カズキはまったく身に覚えのないことに動揺し、全否定する。

「何言ってんだよ。俺がそんなことするはずないだろ! どこに証拠があるんだよ!」

「アンタ昨日、一番最後に帰ったでしょ。珍しく、居残り練習して。おかしいと思ったよ。バカズキが真面目に練習するなんて。意味ないのに」

ヨウコは吐き捨てるように言った。
確かにカズキは昨日、一番遅くまで練習して、最後に部室の鍵を閉めて帰った。

「それは、今日居残り勉強しないといけなかったから、昨日できるだけ練習しとこうと思ったんだよ。俺はいつも真面目に練習してるだろ! それだけでユニフォームを盗んだなんて、言いがかりだぞ!」

「どうだか。じゃあ、アンタが帰るときに、ユイちゃんのユニフォームはまだあったわけ?」

「いや、それは知らないけど…」

「いい加減にしなさいよ。ユイちゃんはね、昨日、確かに部室のロッカーに自分のユニフォームを置いて帰ったの。
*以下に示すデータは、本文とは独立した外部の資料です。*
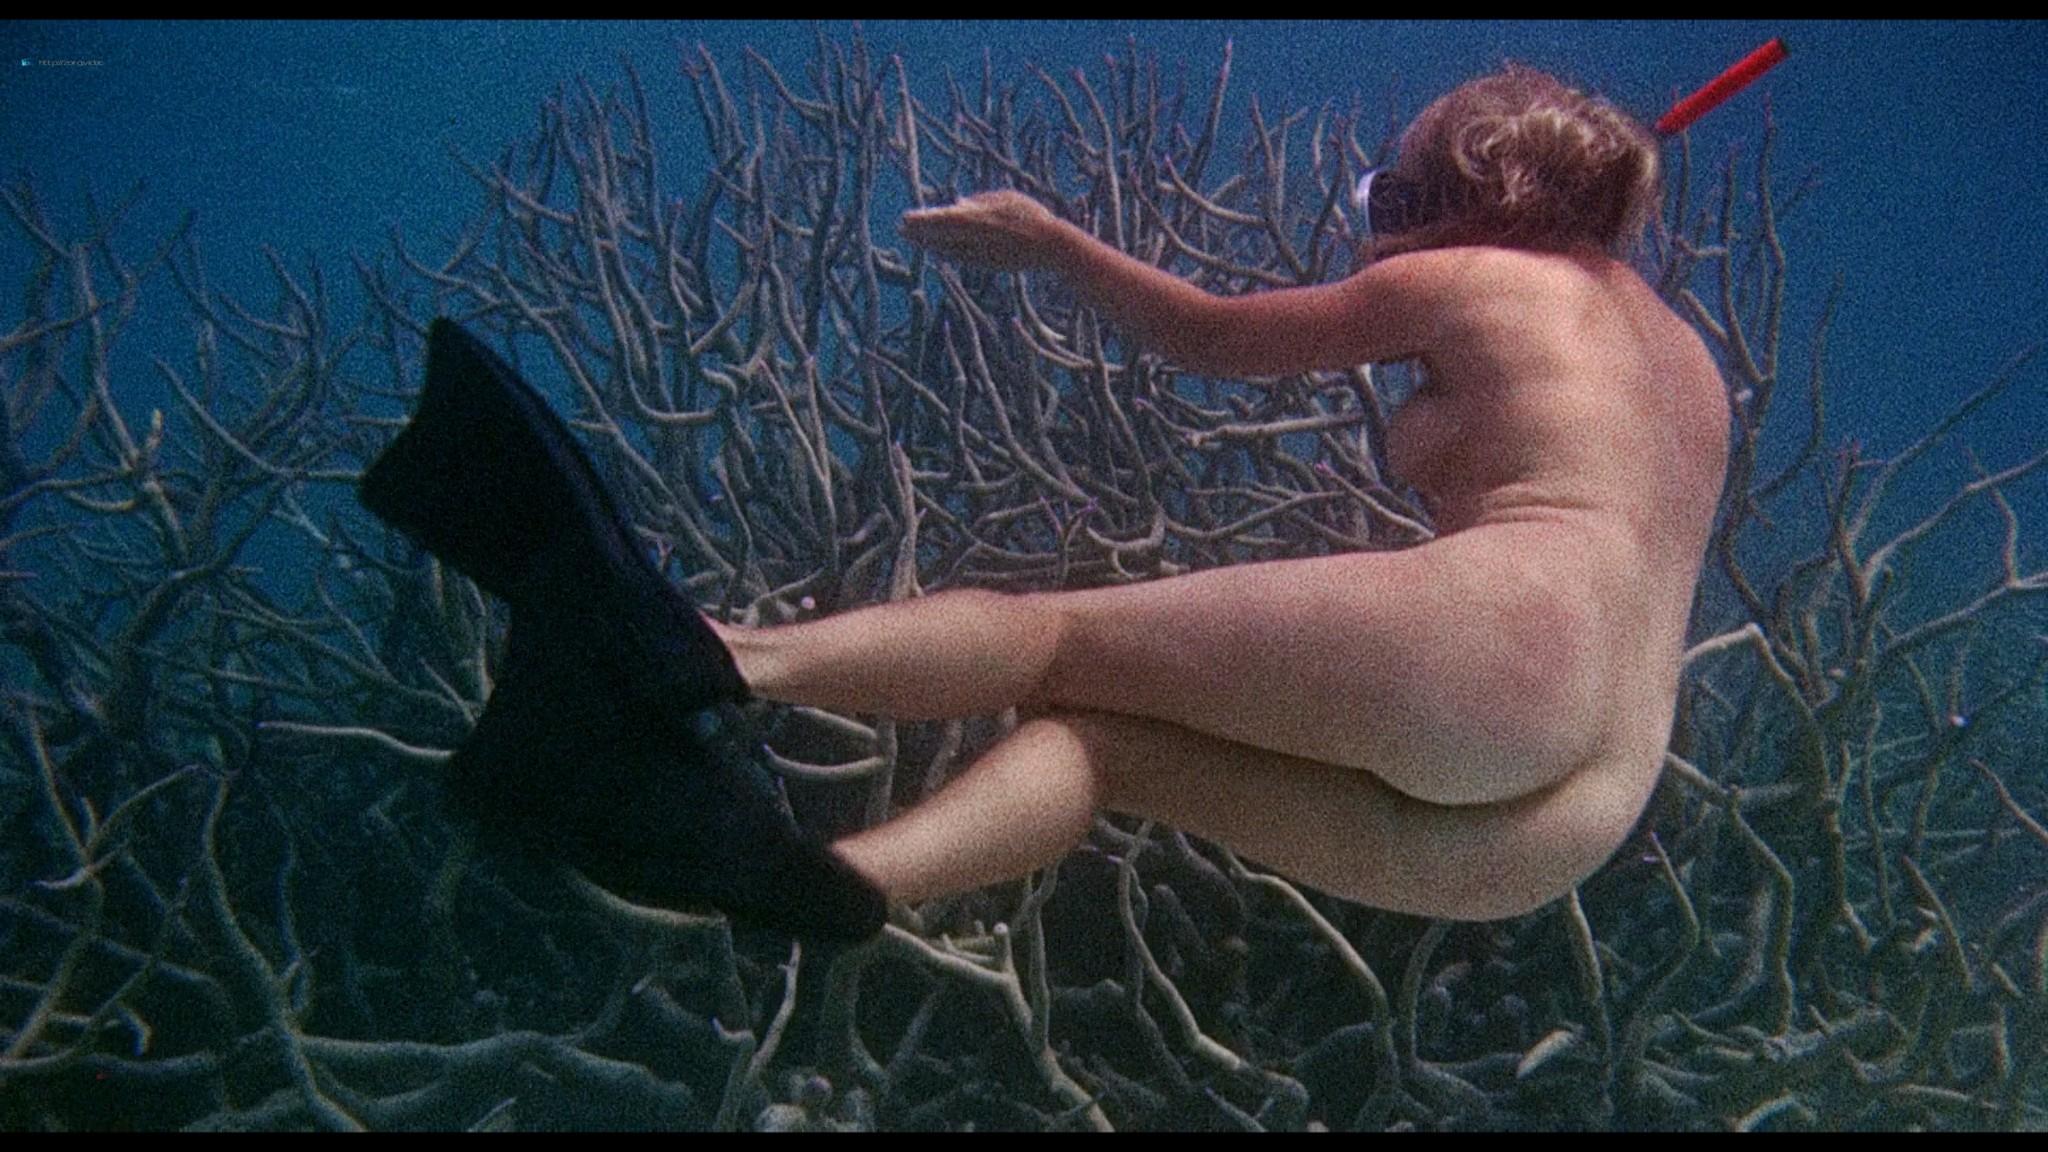 Helen Mirren nude skinny dipping Clarissa Kaye-Mason nude sex - Age of Consent (1969) HD 1080p BluRay Remux (9)
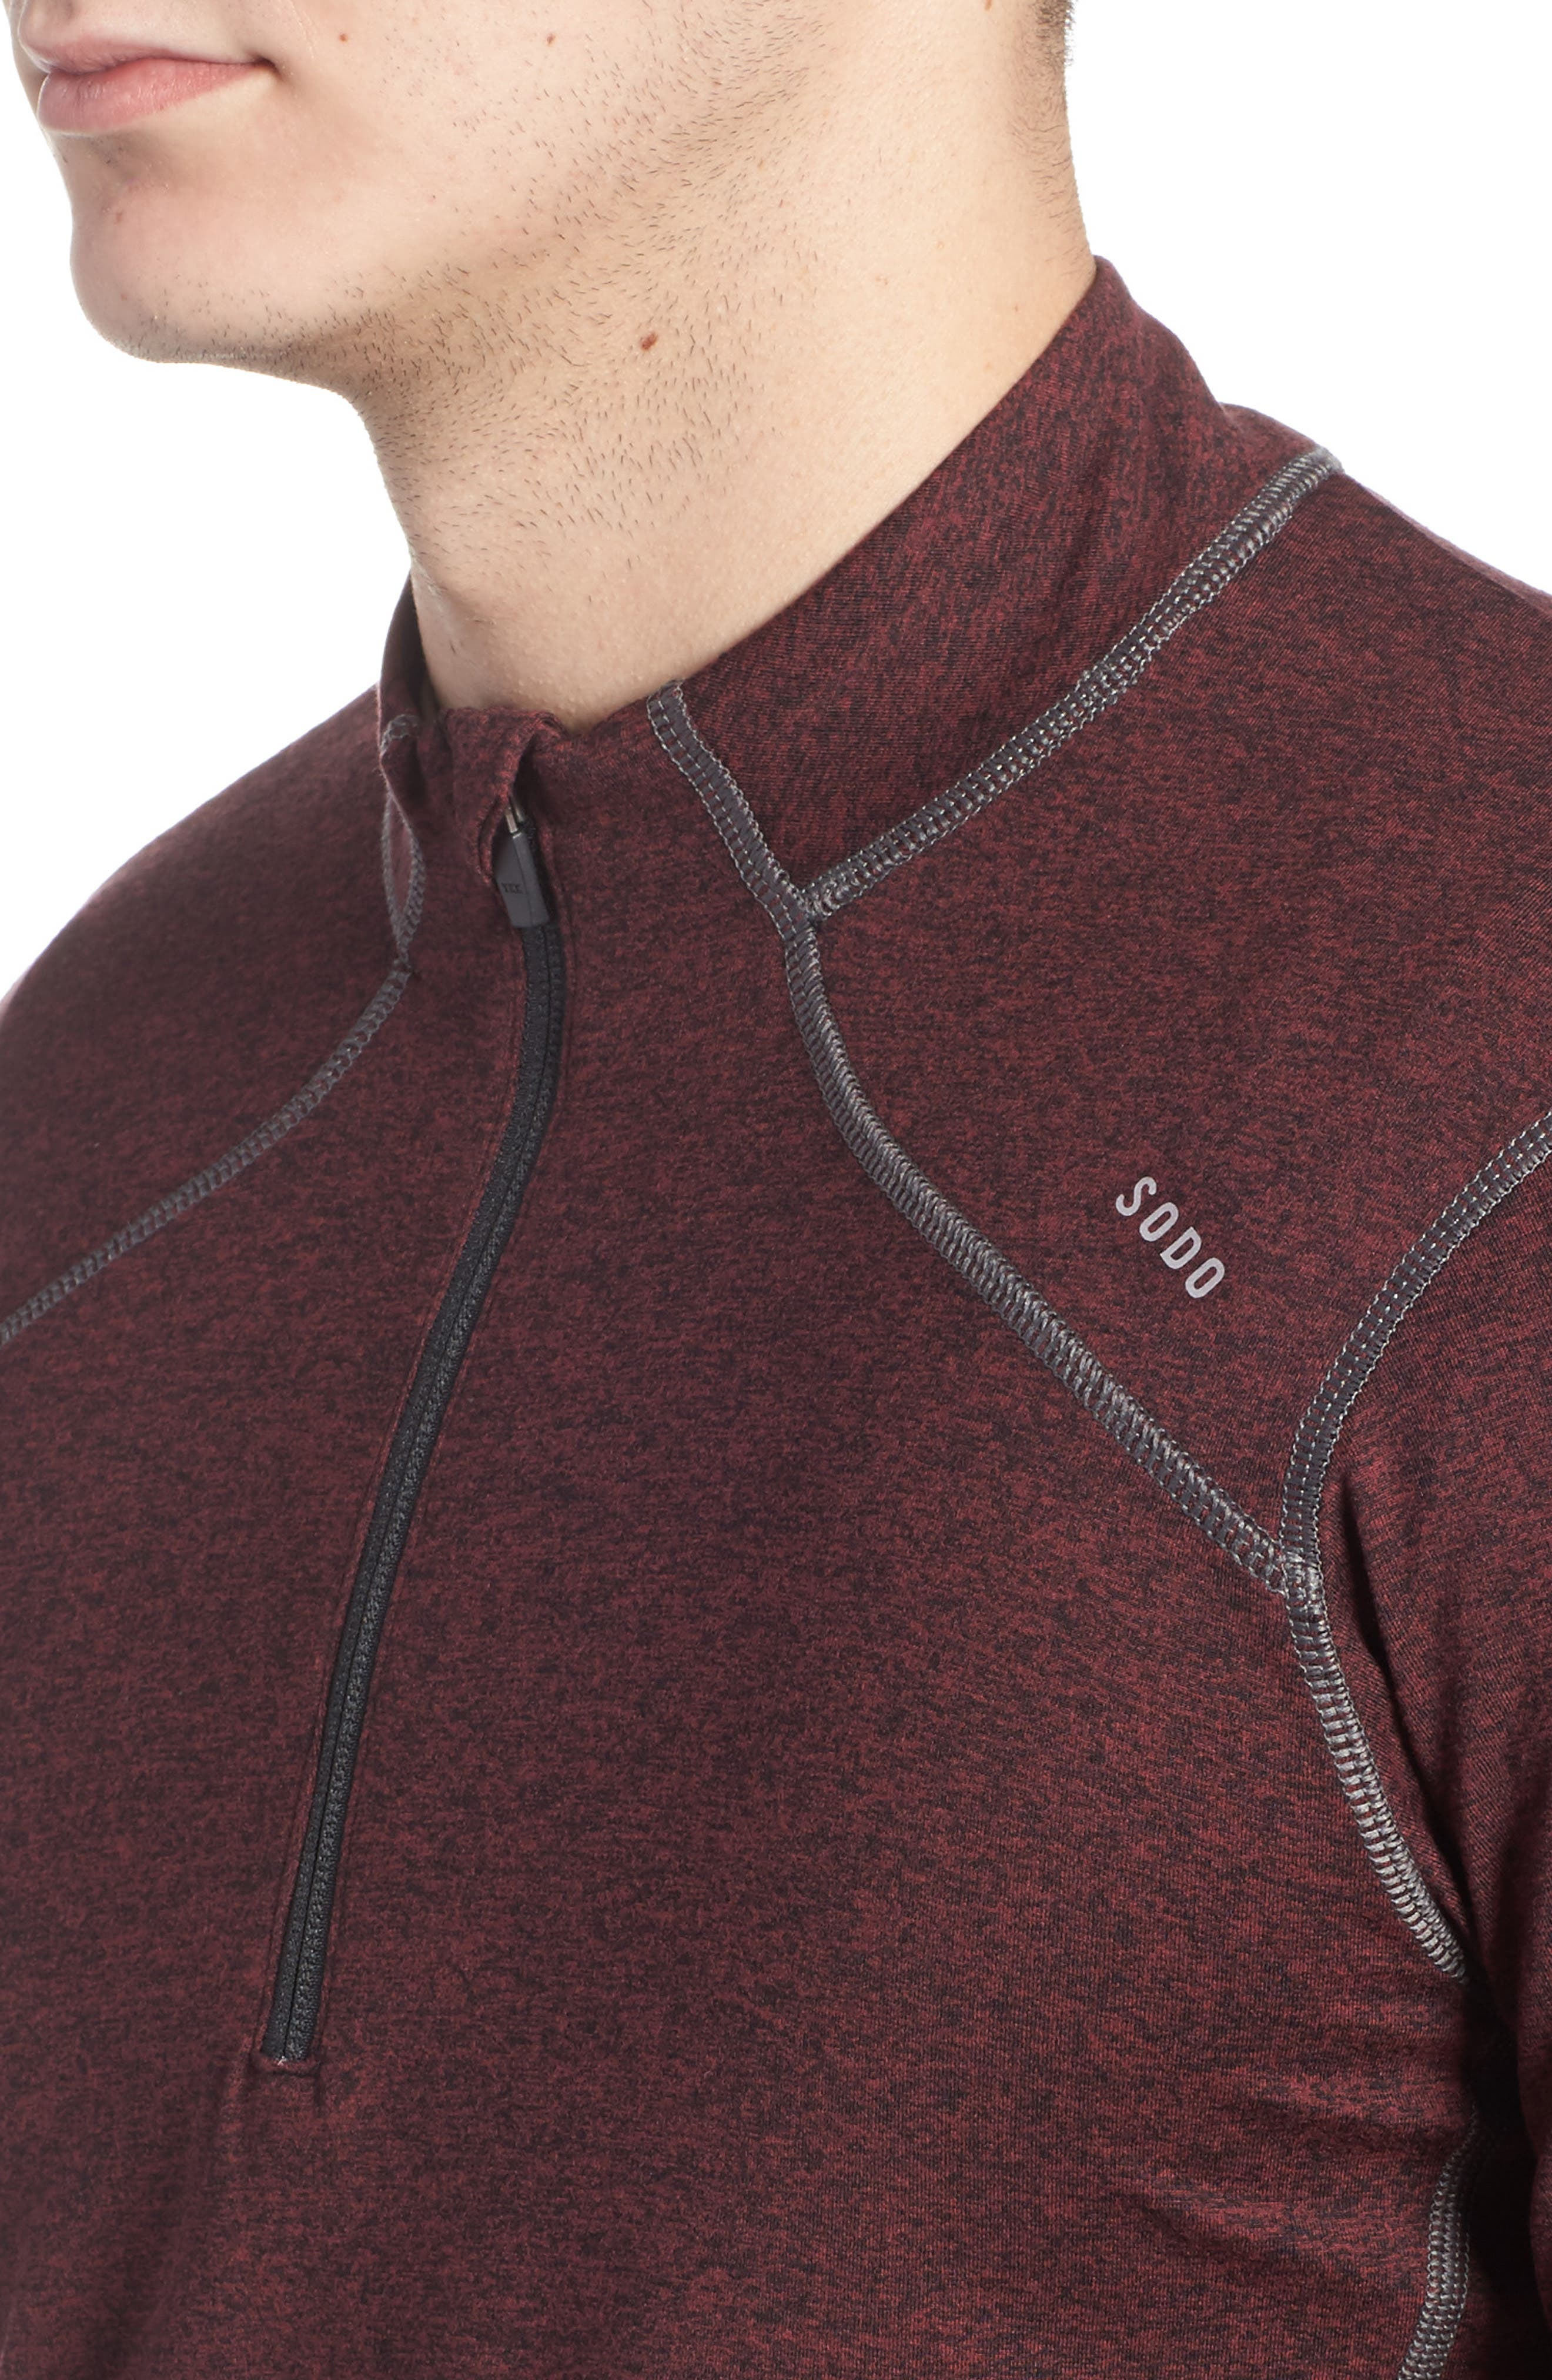 Alternate Image 3  - SODO 'Elevate' Moisture Wicking Stretch Quarter Zip Pullover

それが、朝練のときに無くなってるのに気がついて、すごい怖くなったのよ。昼休みになって、ようやく私に相談してくれたんだから」

マキの手はユイをいたわるように、その肩に置かれていた。
部長としての責任感が、カズキへの怒りに変わっているようだった。

「私たちも色々考えてみたけど、やっぱり陸上部には、アンタしかいないのよね。ユニフォーム盗むような男はさ」

「ユイちゃんは、まだ1年生なのよ。悪いと思わないの? まず、謝りなさいよ!」

まくしたてるマキとヨウコによって、すでに自分が犯人に仕立て上げられてしまっている状況に、カズキはどうしていいか分からなかった。
もともと頭の回転が早い方ではないが、この二人にかかれば、口喧嘩で勝つのは誰であろうと無理だった。

「ユイちゃん、ごめんね。こんなヤツが陸上部にいたせいで、怖い思いして」

「いえ…。あの…先輩、ユニフォーム、返してください。私、アレがないと大会に出られないんです」

1年生のユイまでもが、カズキが犯人だと信じこんでしまっているようだった。勇気を振り絞った様子で、カズキに頭を下げてくる。
カズキはもう、何がどうなっているのか分からず、とりあえず一刻でも早くこの場を離れたかった。